You can play the game with the Xbox controller, but it's not even half as fun and, surprisingly, it's a lot less accurate. I played better using the Kinect, plus it felt more 'magical' as I stood there waving my hands to restore order instead of sitting and jabbing at buttons.
There are only two things that could have been improved, one being the gun transitioning, and the other having to do with there being no checkpoints. Since you cannot use two guns (two hands) at once, you need to remember to keep the hand you're not using still and by your side so the Kinect will focus on the hand you want. This proves to be a nuisance when you're fighting multiple enemies that require different guns as you have to keep changing your hand; several times I'd switch guns and the game would follow the hand I wasn't using, moving the screen with it and giving enemies a window while I flailed until it would recognize the hand I'd want it to. There is an option to change the controls, so you can simply clap to switch guns, but between the two I found the clapping to be not as efficient when battling numerous enemies at once.
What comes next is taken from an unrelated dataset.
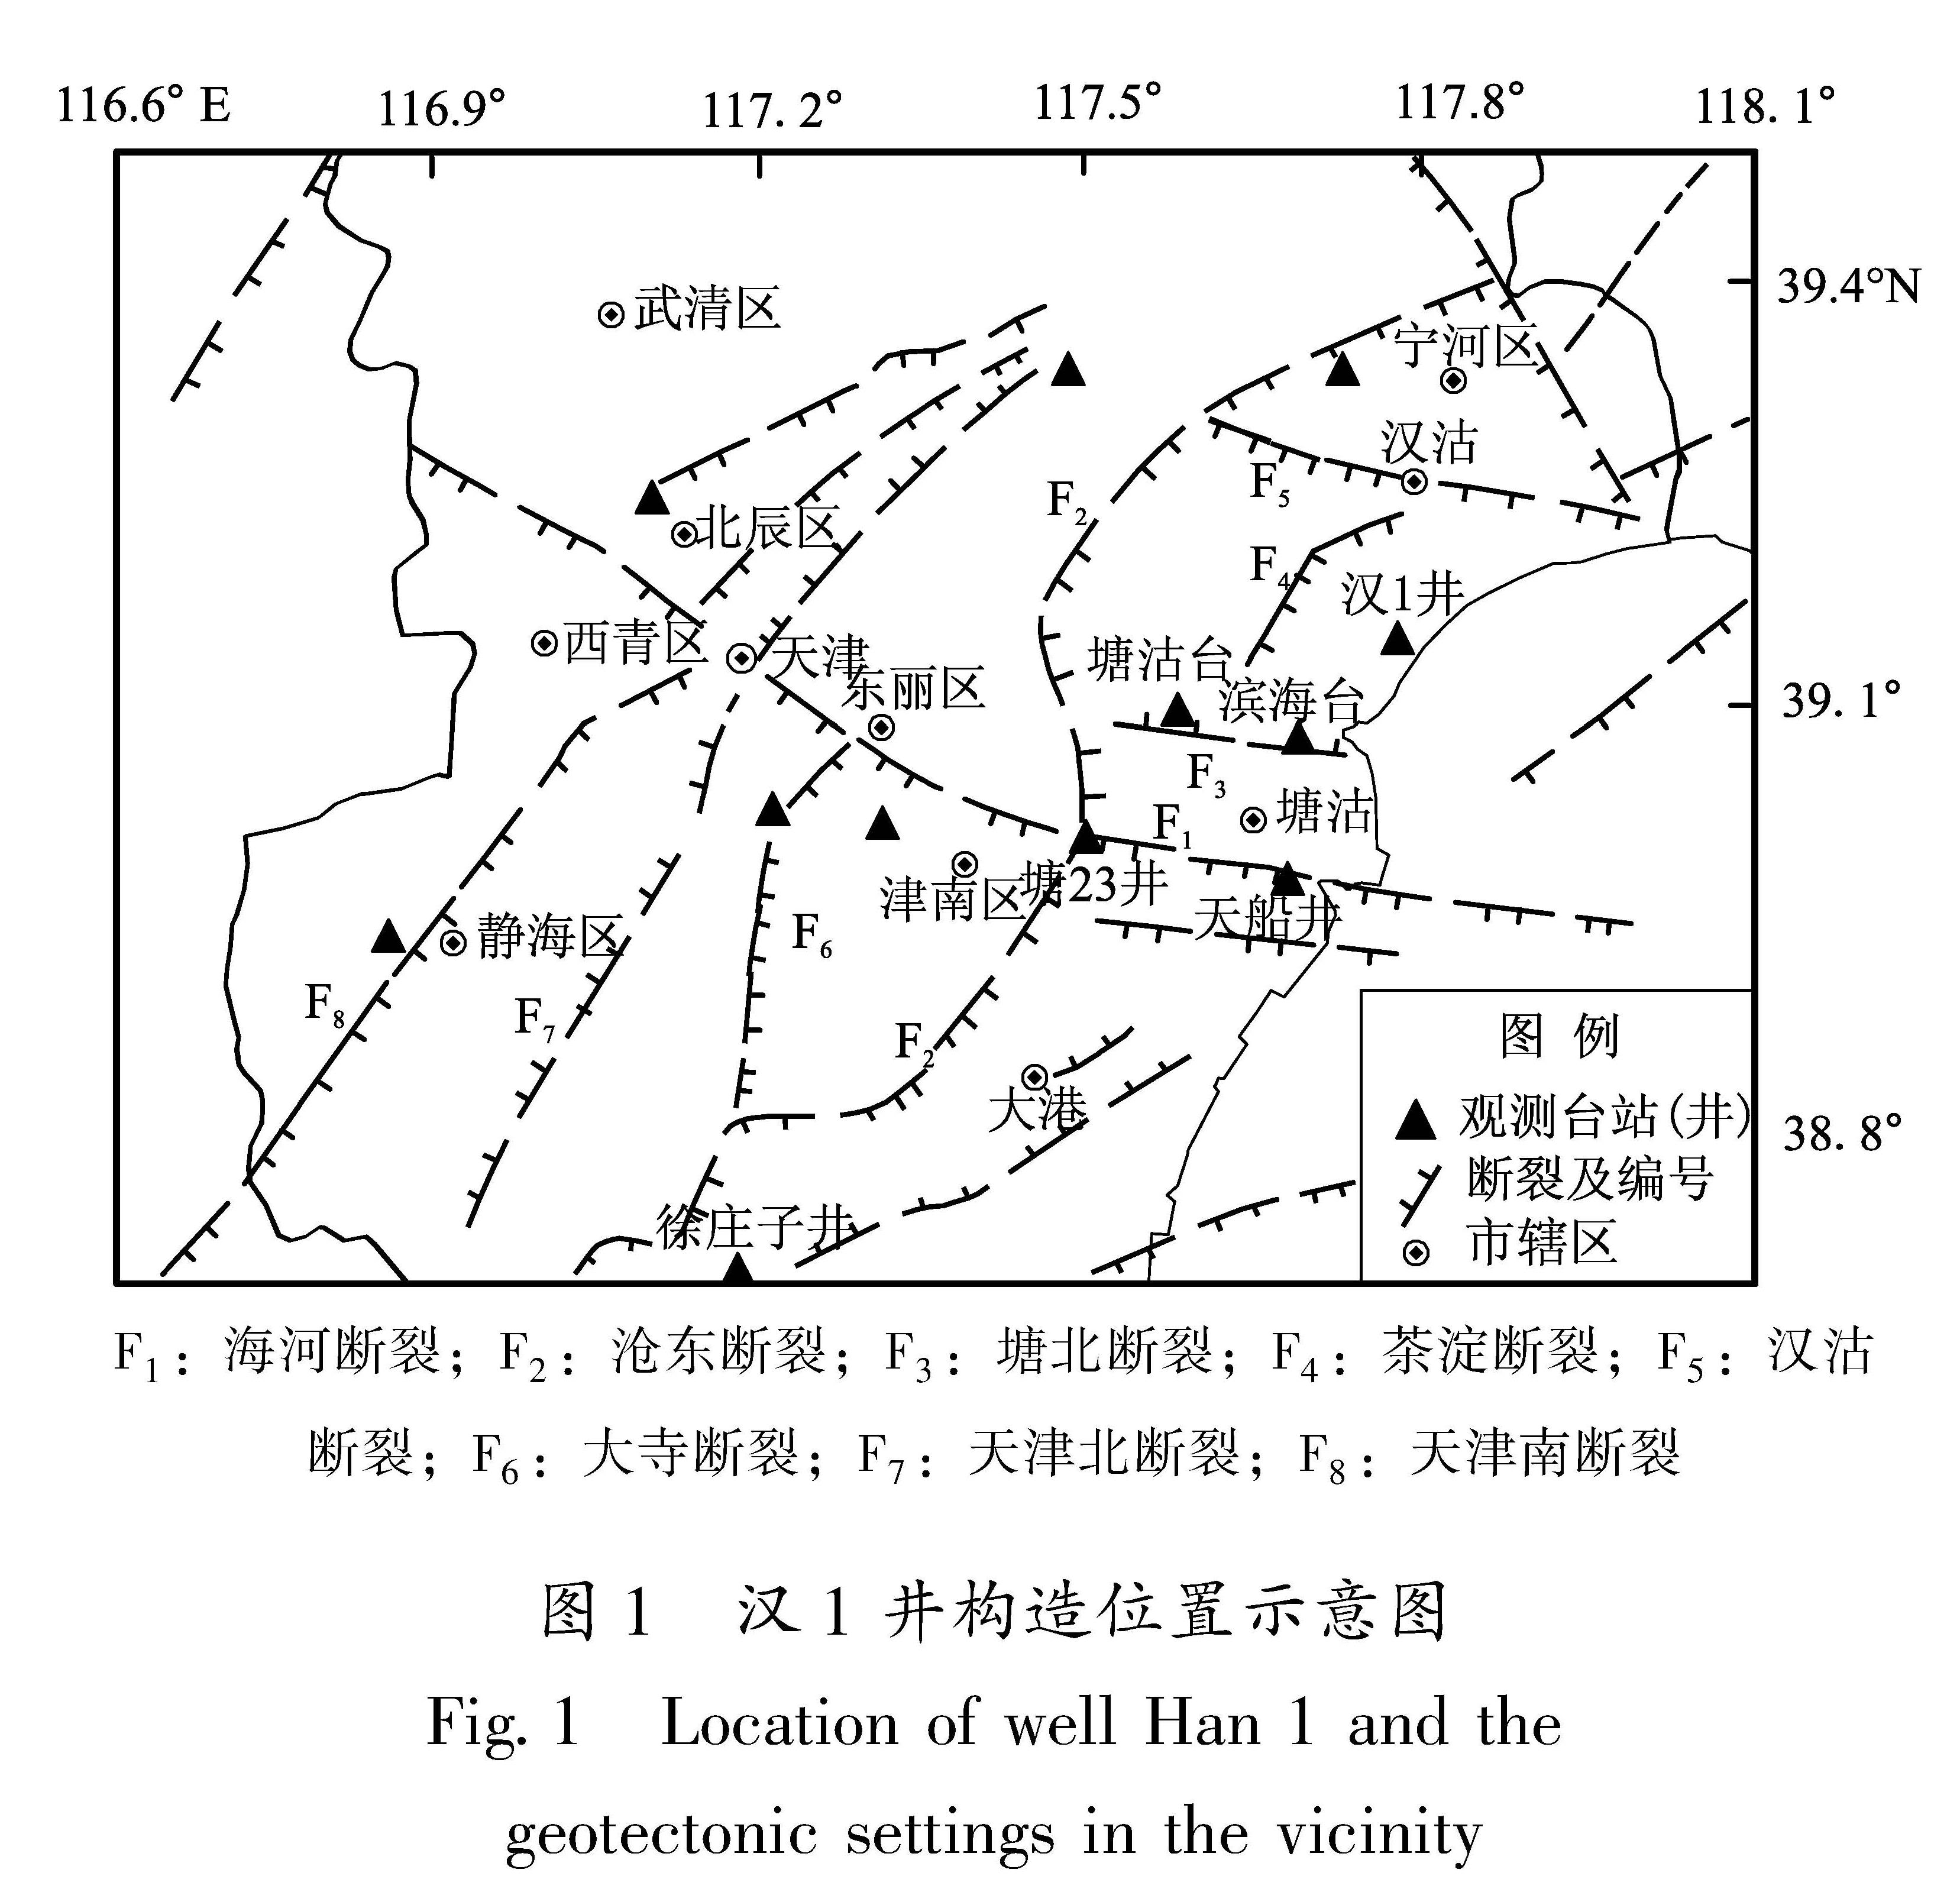 图1 汉1井构造位置示意图<br/>Fig.1 Location of well Han 1 and the geotectonic settings in the vicinity

As for the levels, each time you complete one you get to unlock an item from that planet's Garden to be displayed on that planet's version of the level-select background; there's no question they were designed to be replayed several times over. With that said, it becomes very frustrating when you're playing a level, you get really far and die, only to have to start from the very beginning. Each level has obvious 'sections' to it, so I don't see why you can't start from the beginning of the section you were in when you died instead of playing the whole thing over again. Having to start from 'scratch' of sometimes really long levels in order to unlock just one thing will make you a wee bit frustrated, especially if you're not very good and have to replay the level 'x' amount of times just to finish it. Yes, while it's very fun and you will 100% want to replay the levels anyway, it's one of those games where inevitably you'll become the master of the first half of each level, while remaining an amateur of the last half of each.
Even so, should Ubisoft release some DLC of the same calibre as what's already in-game, I can see this becoming a permanent addition to anyone's collection.
How would I describe Child of Eden in the end? It's a game that has you conducting a symphony of music and colour, composed by a talented producer with A.D.D. It's a visual representation of pure imagination, complete with its own soundtrack. It's what people on excessive hallucinogens must see when they hear electronic music, and you don't have to take anything to see it too. I could describe it a million ways, and yet not one description will be adequate. Simply put, it is an experience, and one that everyone needs to try. Child of Eden is waiting for you to, "Save Eden. Save Lumi."